Write about an old person who feels deliciously alive and vital.

Write about walking down the hallway of middle school or junior high when the students have been dismissed for the day.

Write about a jail or prison.

Write about the many moods and modes of rain.

Describe a person through a beloved and well-used object—tattered book, worn sweater, frayed handbag, that he or she constantly carries or wears.

Write about being served a specific food or meal that you abhor.

Write about swimming, ice skating, skiing, snow boarding, or other sports, focusing on what it feels like inside your body as you’re moving.

Just for fun: Describe a person through his or her surroundings and possessions. Is her apartment or home, clean, tidy, fanatically orderly? What sort of music does she listen to? Will lots of sunlight filter in during sunny days, or are the windows shrouded? What’s in the refrigerator? What about accessories, art, books? What does the bathroom reveal? The bedroom closet?  Describe a car’s glove box or trunk.

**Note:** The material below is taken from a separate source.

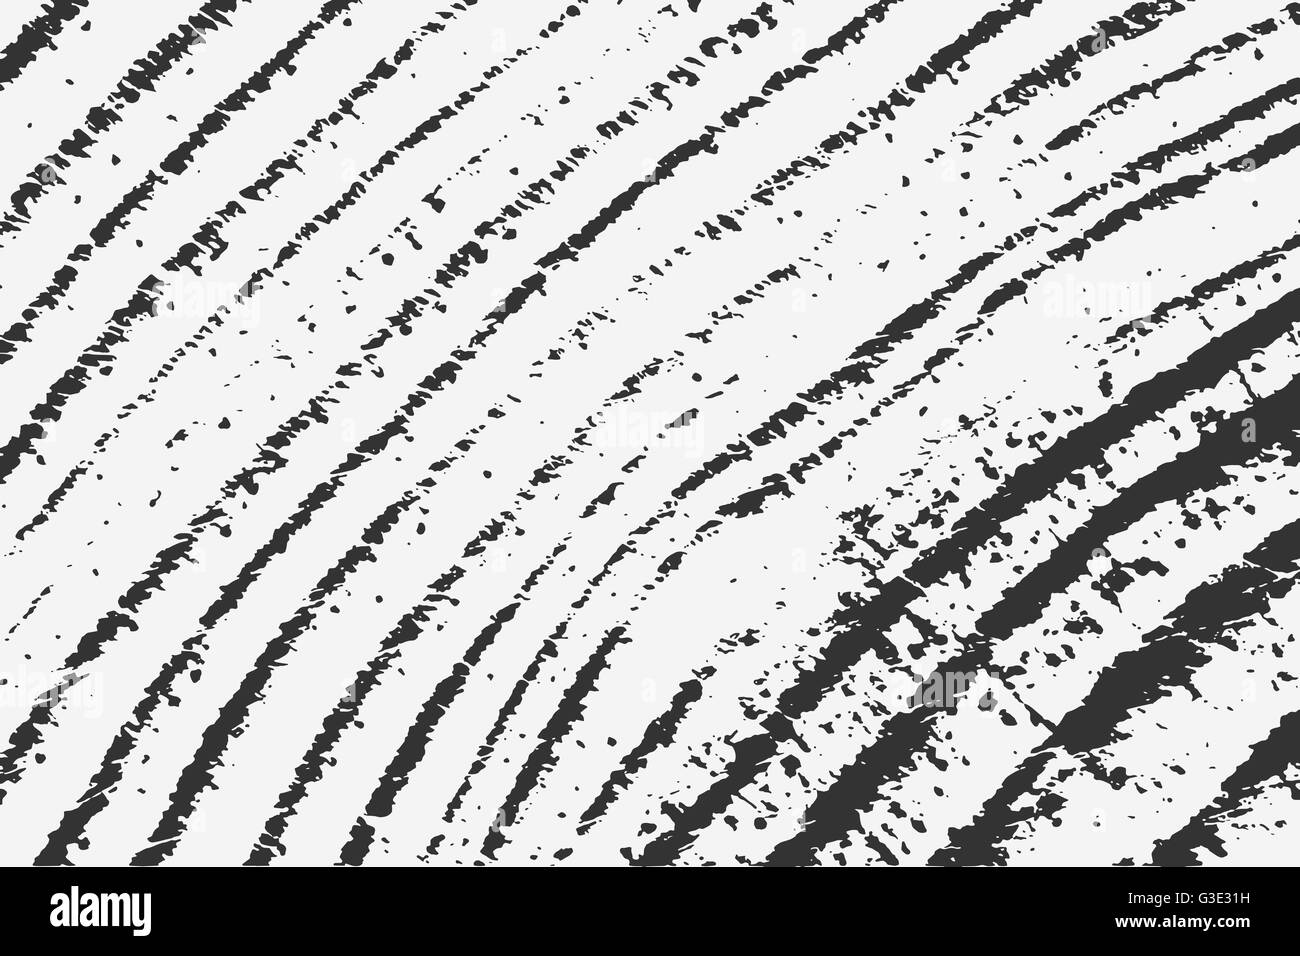 Abstract grunge background. Grunge pine tree texture. Vector illustration of black abstract grunge background for your design Stock Vector
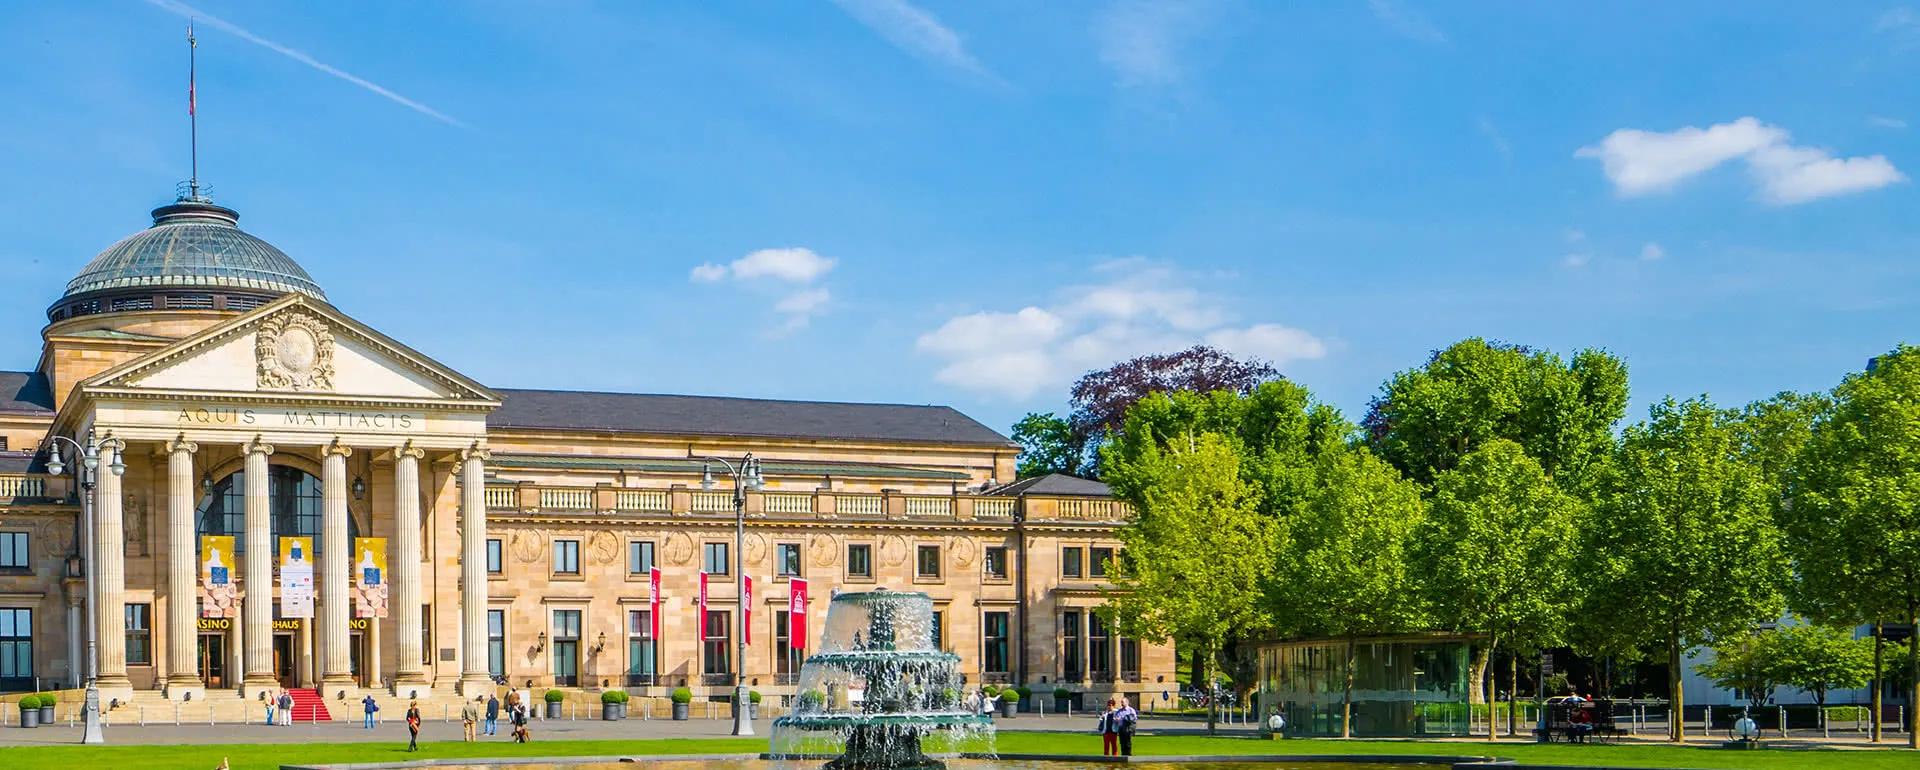 Wiesbaden - the destination with youth hostels

In the film Sleeping with the Enemy—starring Julia Roberts and Kevin Kline we find ourselves amid a power struggle and a fight for survival. The Kline character, a batterer, is known by his fanatical orderliness and control—rows of towels in the bathroom lined up like soldiers at inspection and canned goods stacked precisely in the kitchen cabinets reveal his rigidity and need for control.  When Roberts  (Laura) flees his abuse and moves to the Midwest she changes her hair, which she allows to flow loosely, trades in her sleek trophy-wife wardrobe for comfortable long skirts and baggy tops. But she also trades in a sterile oceanside home for a homey Victorian, with comfortable, overstuffed furniture, a porch swing, and African violets tucked onto the kitchen window sill. She purposefully doesn’t align the items in the cupboard, instead it’s a place for baking pies and listening to soothing music.